Он хотел добавить, что любит ее, что узнал ее, что жалеет ее соперницу, но рад ее победе. Но на плечо ему легла тяжелая рука с мощными корявыми пальцами.
— Они всегда плачут, — сказал старейший, — каждая из них плачет. Так всегда бывает, о бард. Ты хорошо пел. Она хорошо сделала, что выбрала тебя. Узнать новую королеву без барда немыслимо. А теперь уходи отсюда. Это не для твоих глаз.
Он положил руку на плечо его королеве, и та испуганно вскрикнула:
— Фома!
Он рванулся к ней, но старейшие уже замкнули вокруг нее плотное кольцо.
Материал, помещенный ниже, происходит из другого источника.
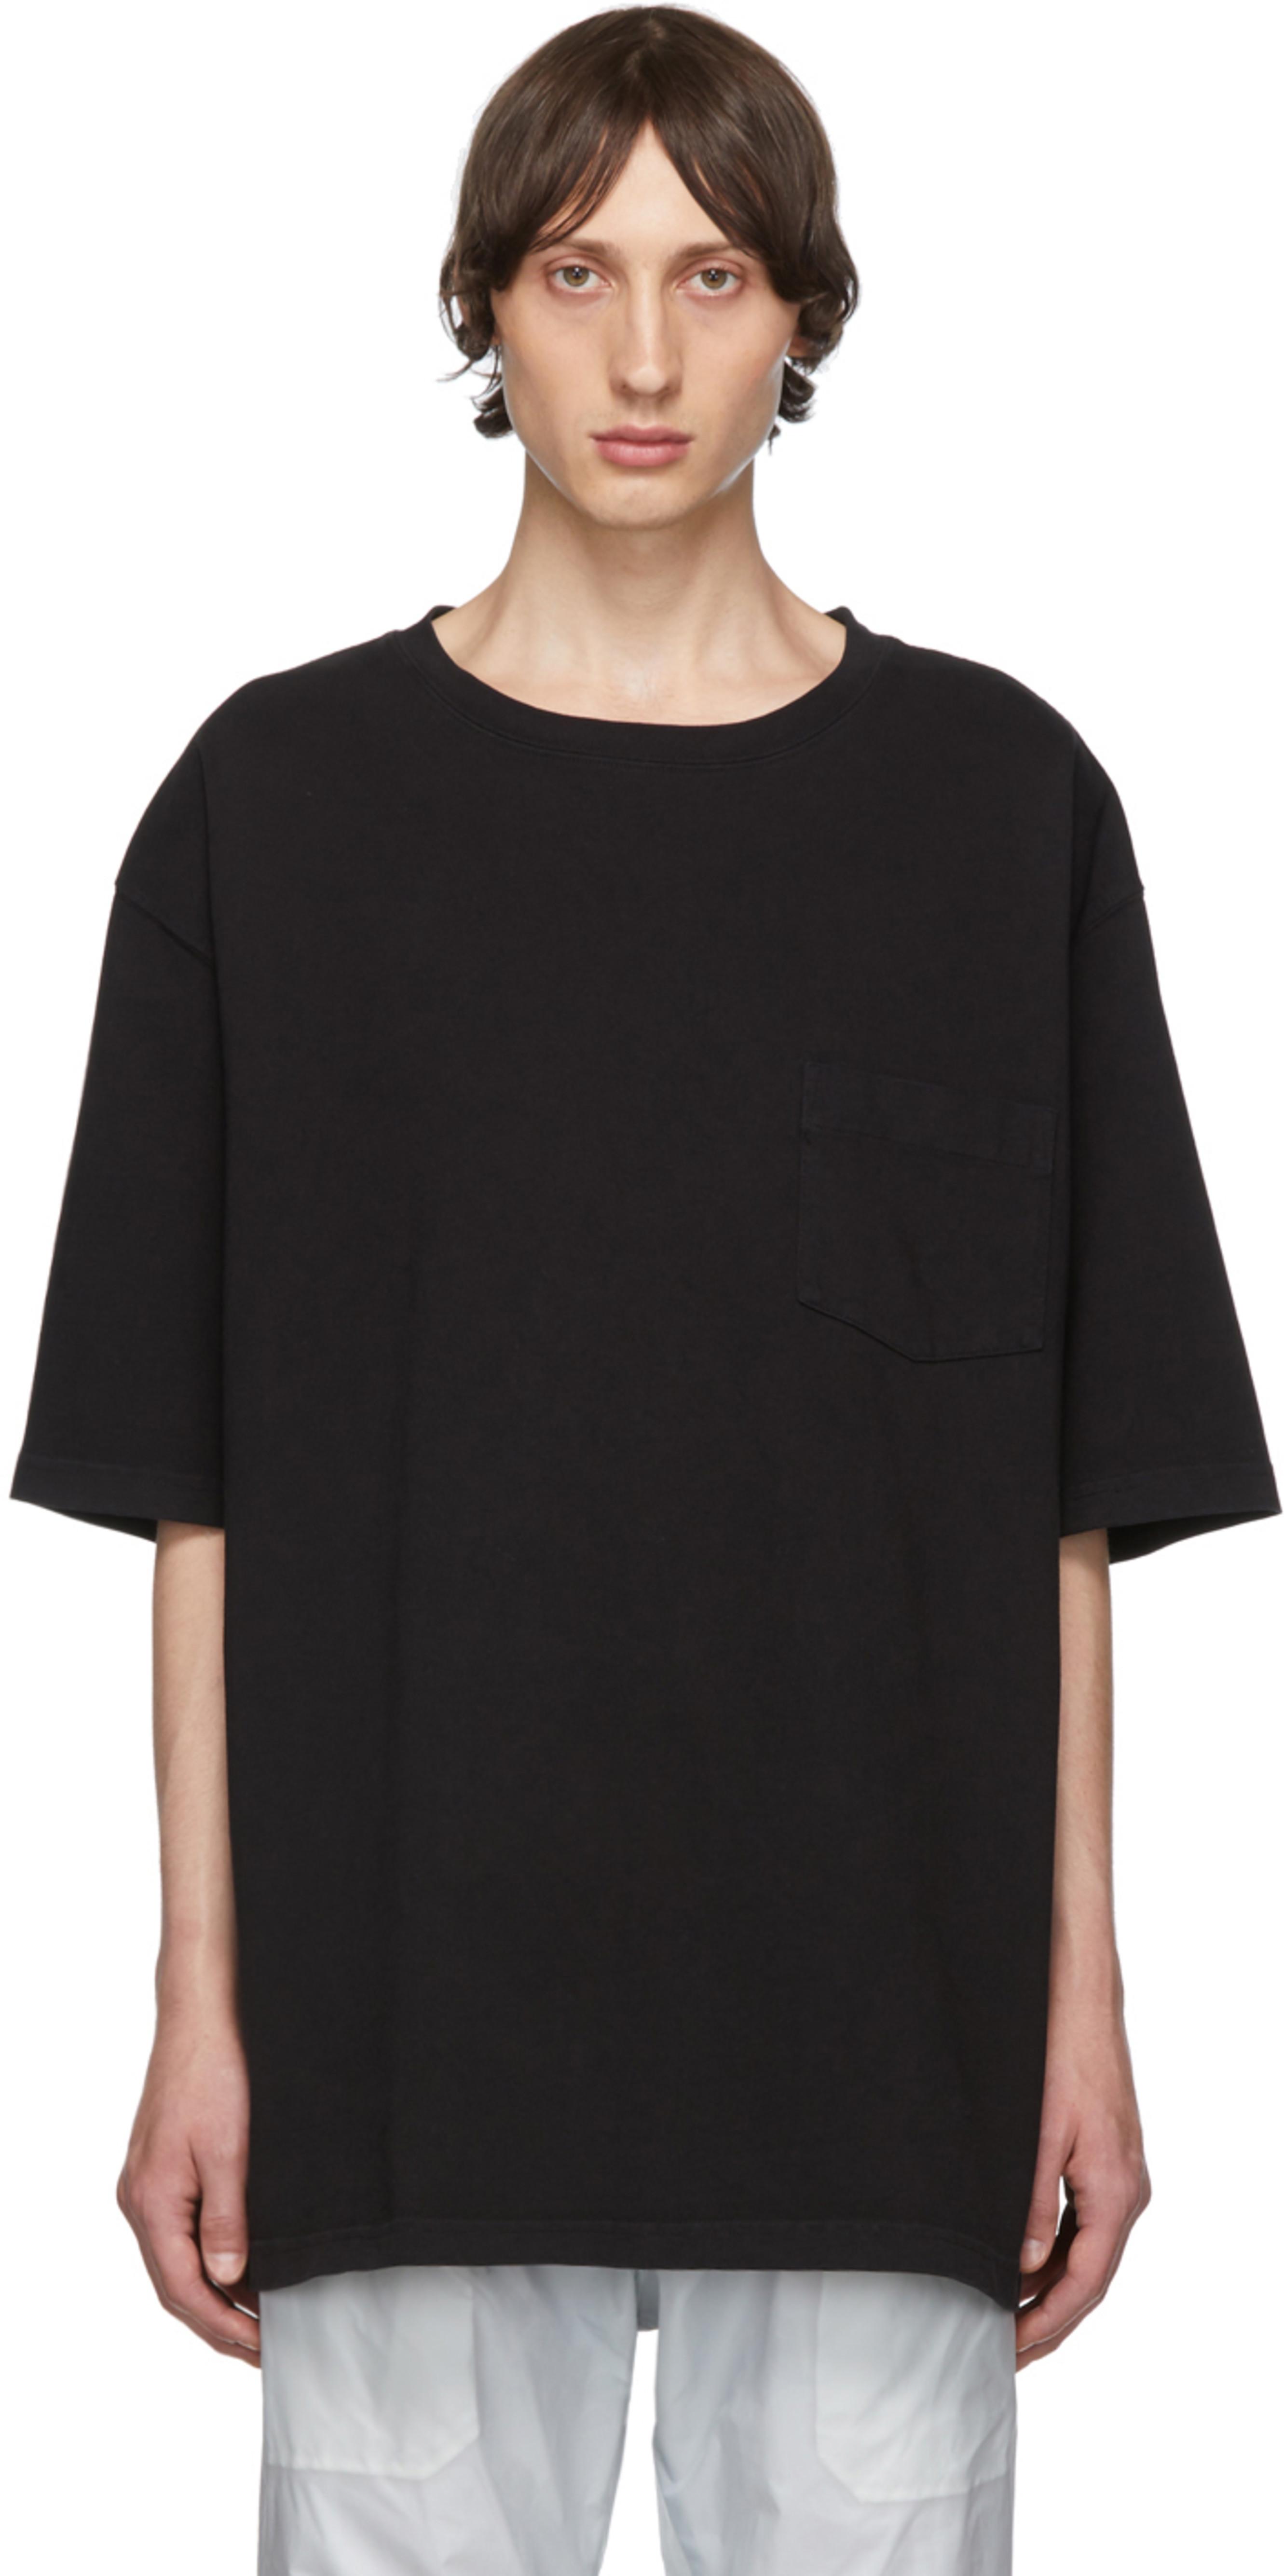 ebfb9a487 Designer t-shirts for Men | SSENSE
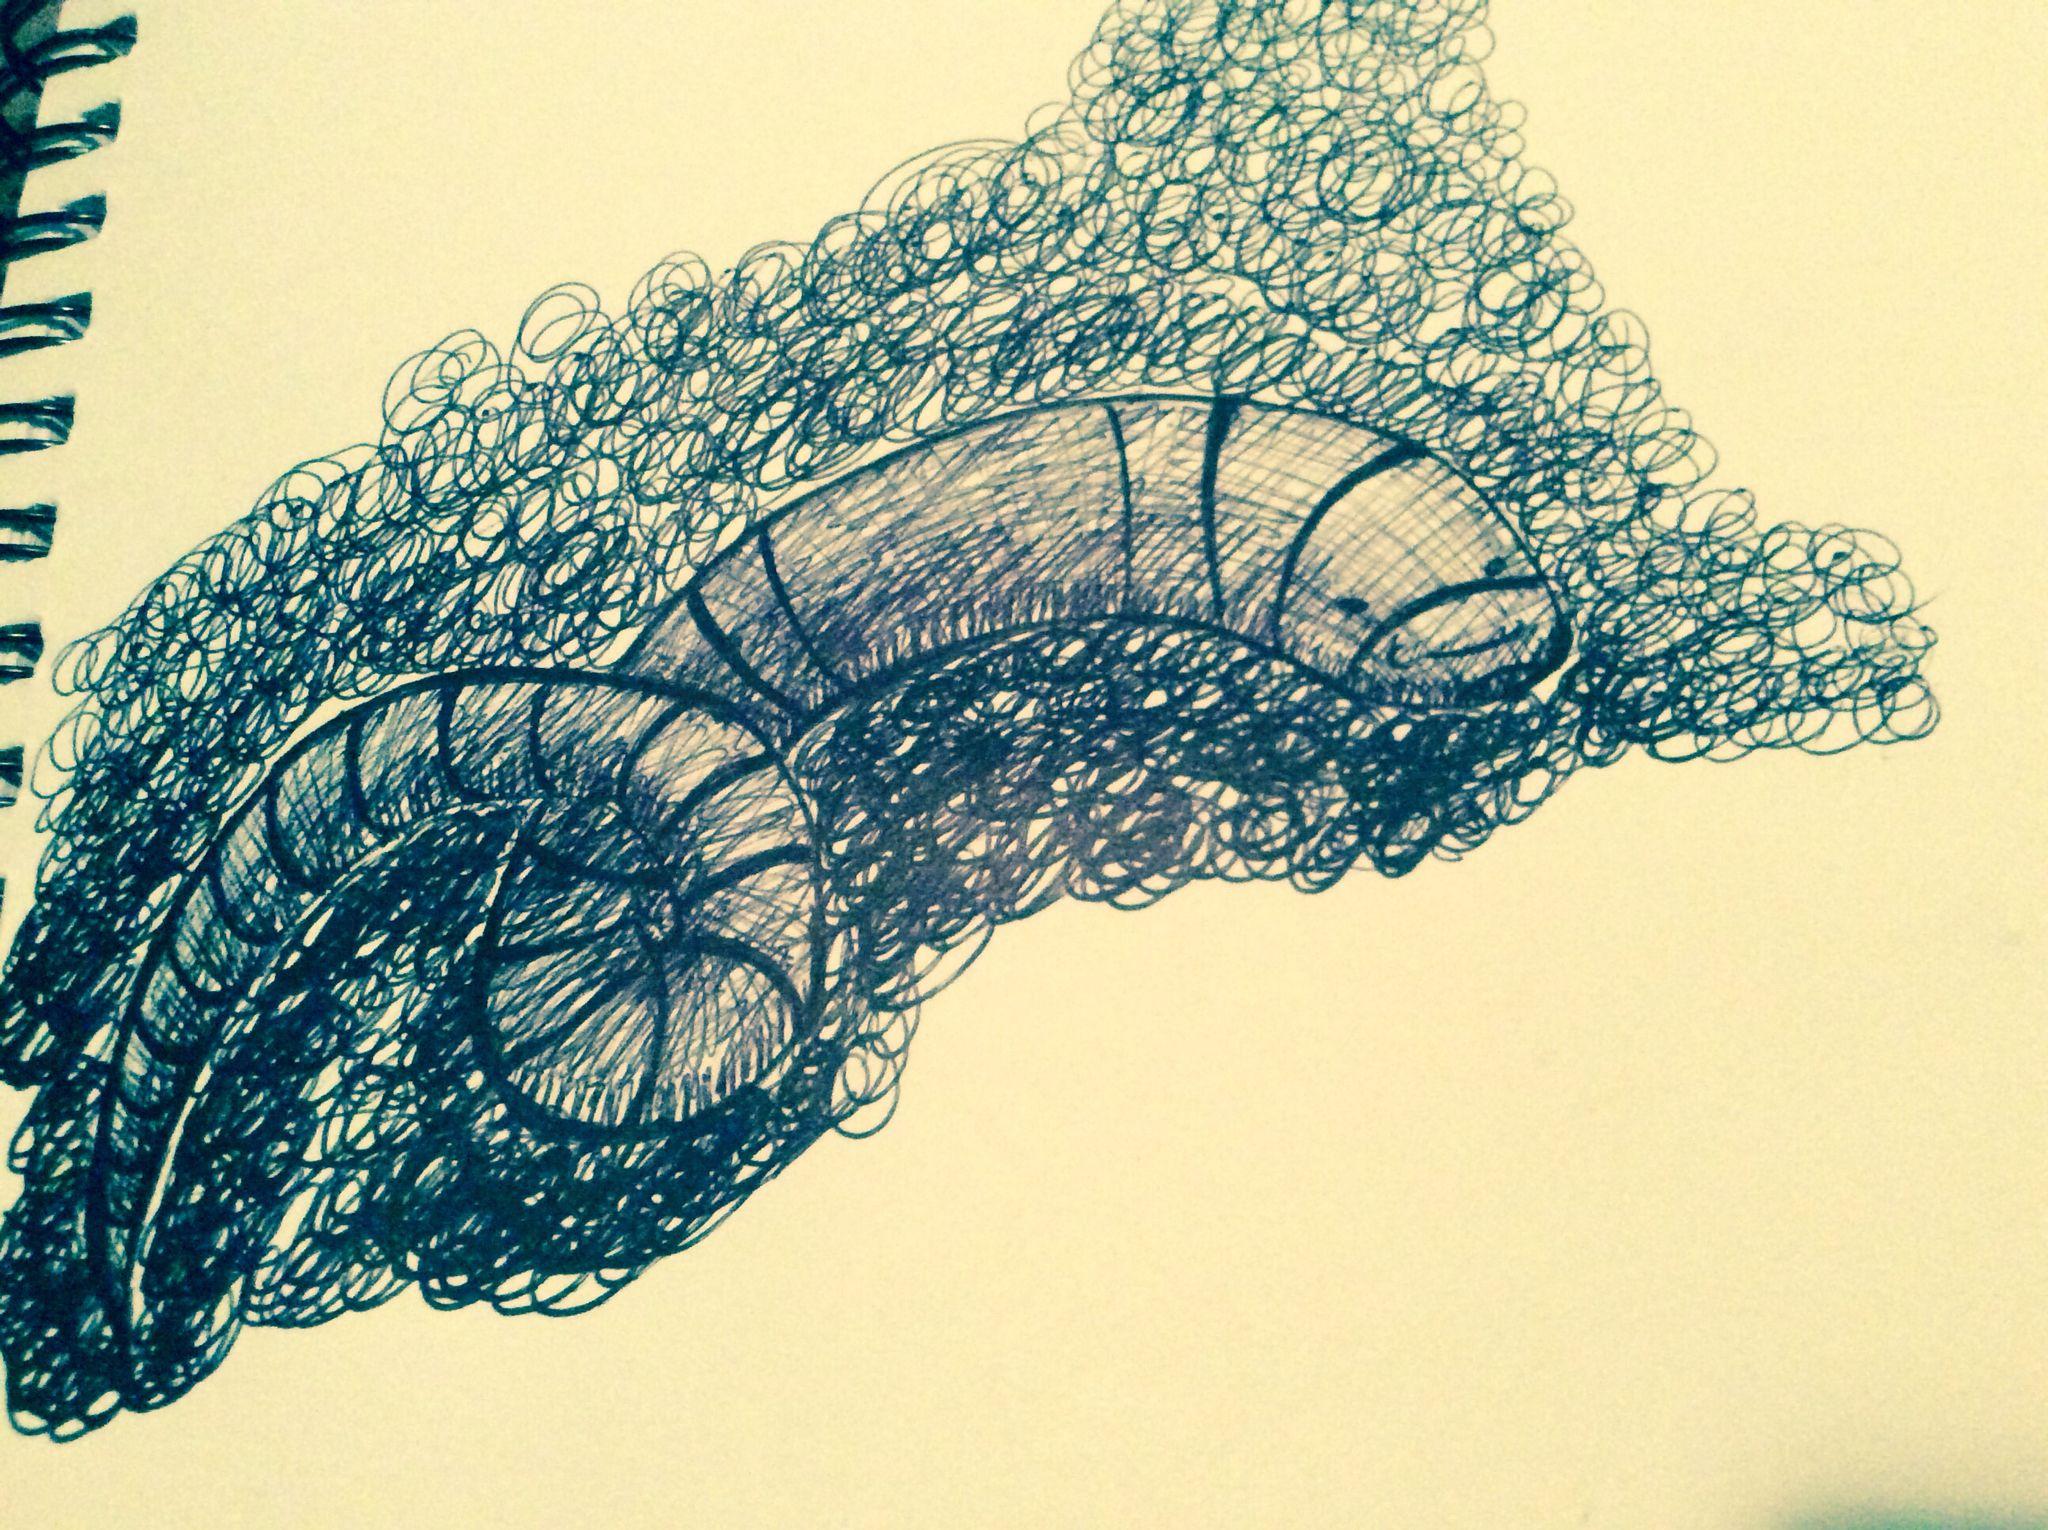 The Line Art Challenge Sketches For Days : Days drawing challenge time by kokorvesa on deviantart

* * *— Не мешай мне, Ингкел.
Фома отвернулся и сцепил руки на коленях. Он вновь сидел в своей лодке, и не один — Ингкел сидел рядом с ним. Он всегда рядом, подумал Фома, ненависть может быть крепче любви. Запретный остров был совсем рядом, рукой подать, думал он, место, где есть любовь, единственное место, где ненависть уравновешивается любовью. Ингкел здесь, но и запретный остров здесь. Кажется, руку протяни, вот он…
Было тихо, серая вода отражала небо, щебетала какая-то пичуга, но даже сюда тянуло гарью. Он знал: там, за спиной, лежат плавни, жалкие, обугленные, над теплой водой стелется черный дым…
Черные лодки на серой воде. Множеств лодок. И хотя сидящие в лодках не обращали на него никакого внимания, уважая его потребность в одиночестве, он чувствовал на себе липкую паутину взглядов исподтишка.
Он все-таки был их бард. И они на него надеялись.
Вертячка, подумал он, личинка, что поселяется в голове муравья и толкает его на самоубийство. Не укрываться в муравейнике от холода ночи, не заниматься мирными делами, не лелеять своих куколок, а карабкаться вверх по травинке и застывать на ней, дожидаясь, пока тебя не склюют птицы. В голове у кэлпи поселилась вертячка. Она гонит их на смерть, а они думают, что их зовут законы чести и битвы.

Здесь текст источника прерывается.